# Walleye in the little miami



## crocodile (Sep 26, 2006)

Has anyone caught walleye out of the Little Miami River. I caught one earlier this spring that was 15 inches. I have never caught any before this year. I was just woundering if anyone else has caught any eyes. I'm guessing they come out of the Ohio River. Ronnie


----------



## creekwalker (May 23, 2004)

I haven't caught one out of the LMR, but did catch one (15") out of the Ohio near Meldahl this year, a first for me also.

CW


----------



## crocodile (Sep 26, 2006)

I have caught some walleye while saugeye fishing on the Ohio River. I would have never of thought about catching one in the LMR. Ronnie


----------



## sevenx (Apr 21, 2005)

From what I have been told there are a population of Wallleye in the lmr but not a very big one. They come up from the ohio river. There is not enough good habitat for them to spawn and so there is very little reproduction in the river. You may come across them every now and them but I don't know enough about there habits to find them in the river. If you did catch one its a good bet there would be some other fish there, I do know they are a schooling fish.
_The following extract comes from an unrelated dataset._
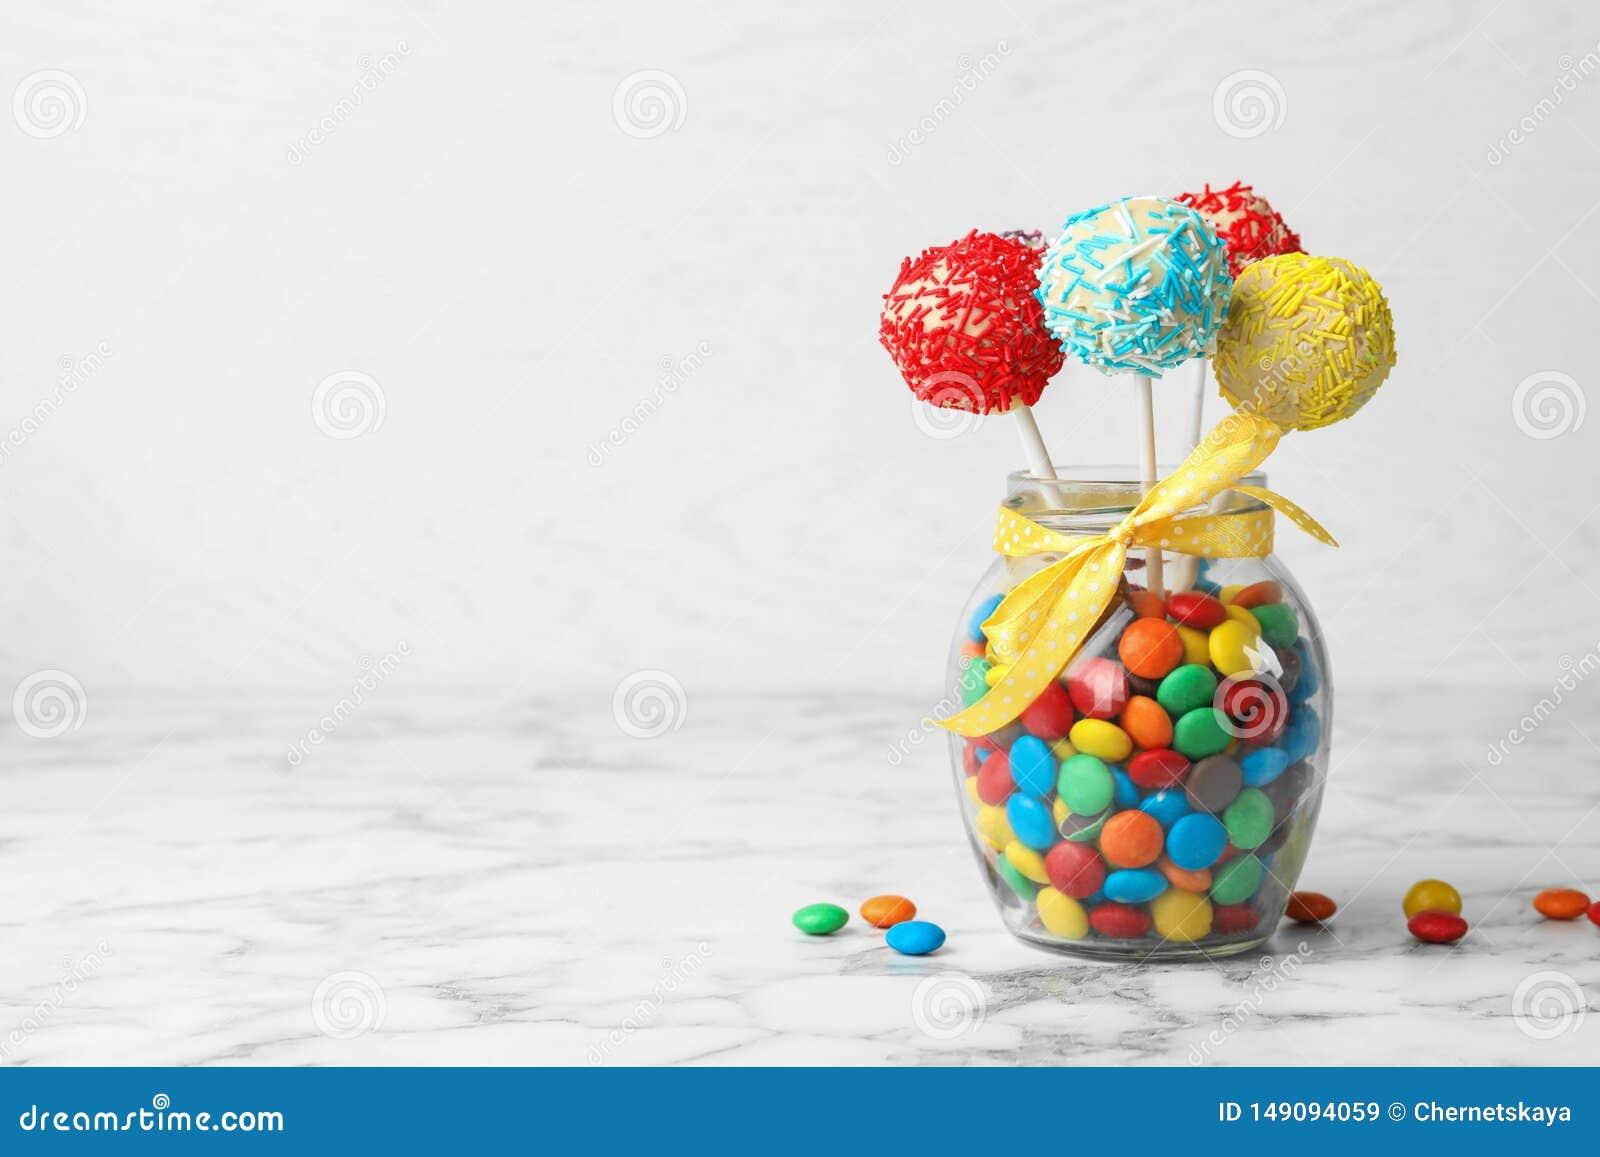 美味的明亮的蛋糕在玻璃瓶子充分流行在桌上的糖果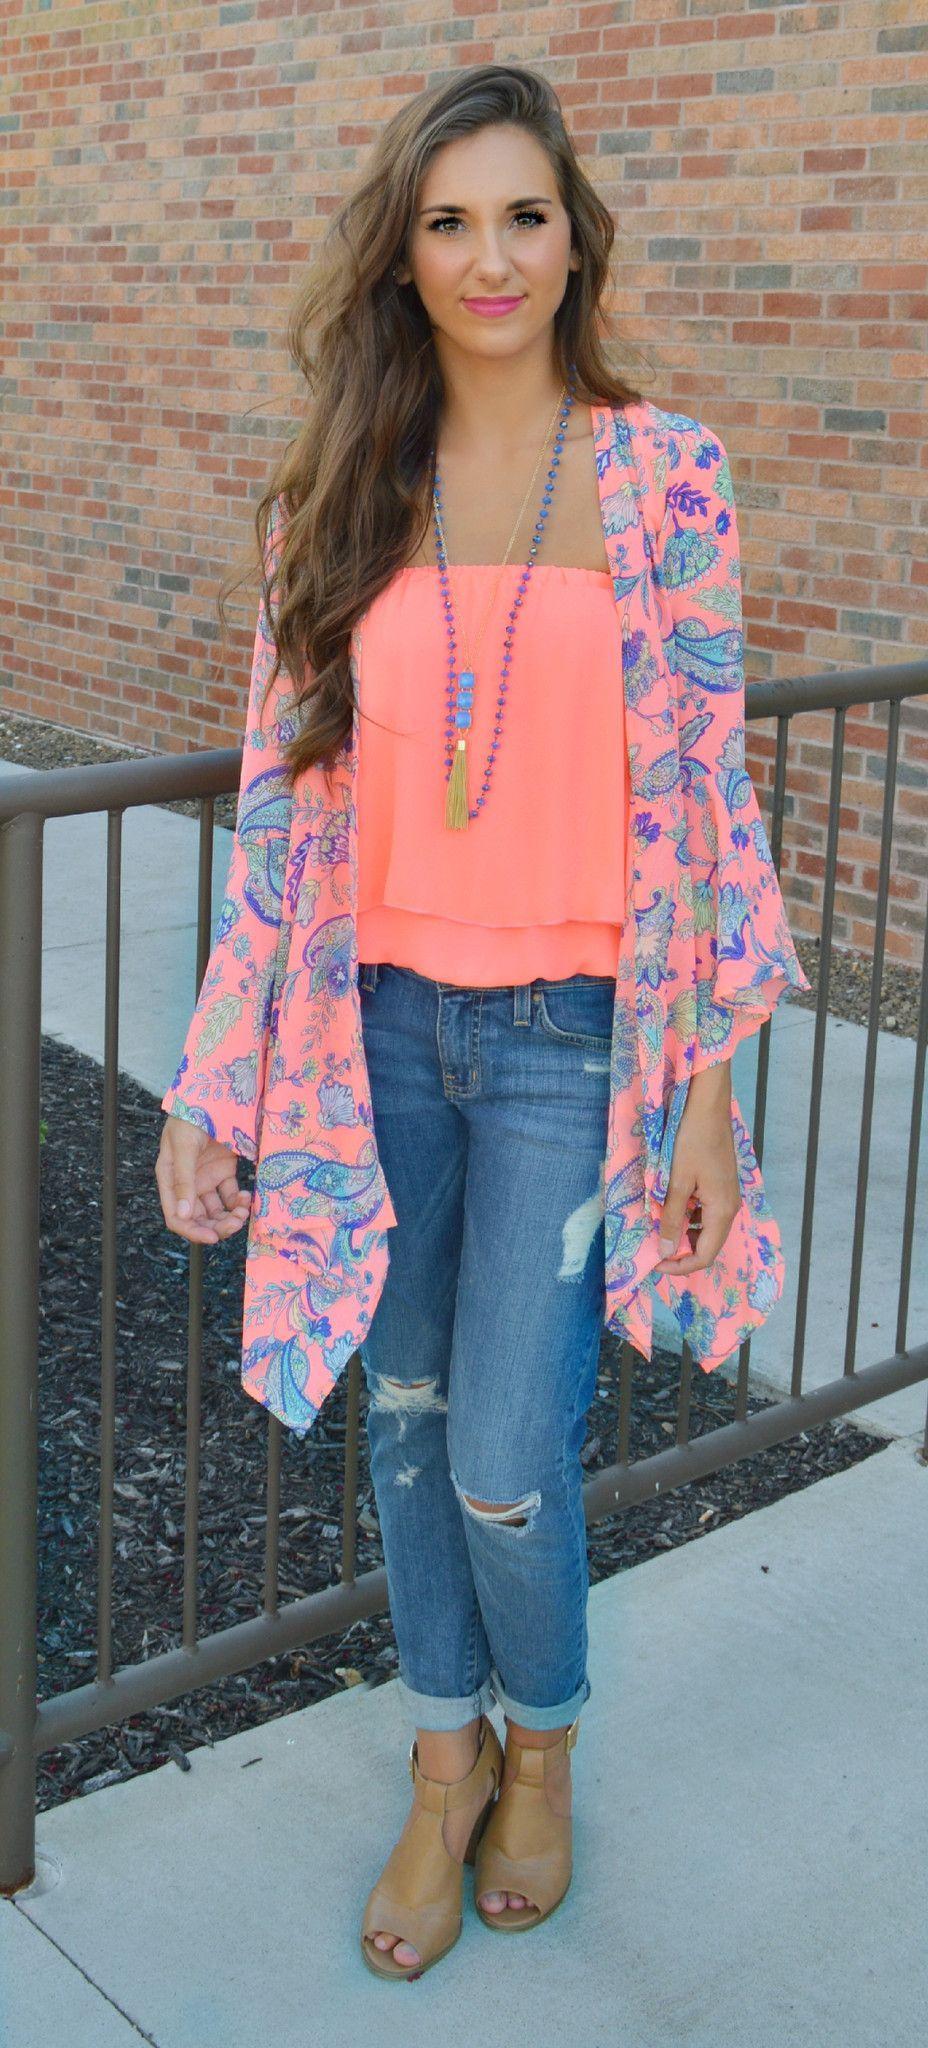 Boho Beauty Paisley Kimono | Fashion, Kimono fashion, Spring

S


----------



## 1badmthrfisher (Apr 4, 2005)

yes, i have caught them in the LMR.. I fish it alot but this year i think i have caught 2... and last year at least one that i remember


----------



## ttoutdoors (Jul 16, 2005)

I also caught one last year. None this year so far. 
Todd


----------



## LMRposeidon (May 8, 2007)

ive caught 5 or 6 walleye and my buddies have caught about a dozen more in the past year, mostly 14-15 inchers but one about 20. I think they come outta the Ohio but there could be a small population of native walleye in the lmr, either way its a good sign the river's are improving


----------



## riverKing (Jan 26, 2007)

ditto on whats been said, they are definantly there but its a small percentage, i catch about as many walleye as i catch bigger saugeye each year, maybe even more walleye. its definantly a good sign, release them please!


----------



## boonecreek (Dec 28, 2006)

i caught one right below the spillway at eastfork. floating a minnow along wall


----------



## shawn-n-the-buckeye (Jul 2, 2006)

what time of year did u catch that walleye @east fork and was it this year


----------



## Steel Cranium (Aug 22, 2005)

Could be some holdovers from the Caesar creek stockings. Back when they stocked the lake with walleyes, quite a few made it to the spillway and beyond. Also caught some nice saugeye in todds fork and the adjacent area of the little miami. Combined with those heading upstream from the ohio, there's still a decent source for walleye/saugeye/sauger.


----------



## shawn-n-the-buckeye (Jul 2, 2006)

can u eat stuff from there or stuff from the lmr in batavia the epa said not to eat fish from the lm/eastfrok river


----------



## bowhunter9017 (Jul 20, 2007)

i am not sure i am mostly catch and release


----------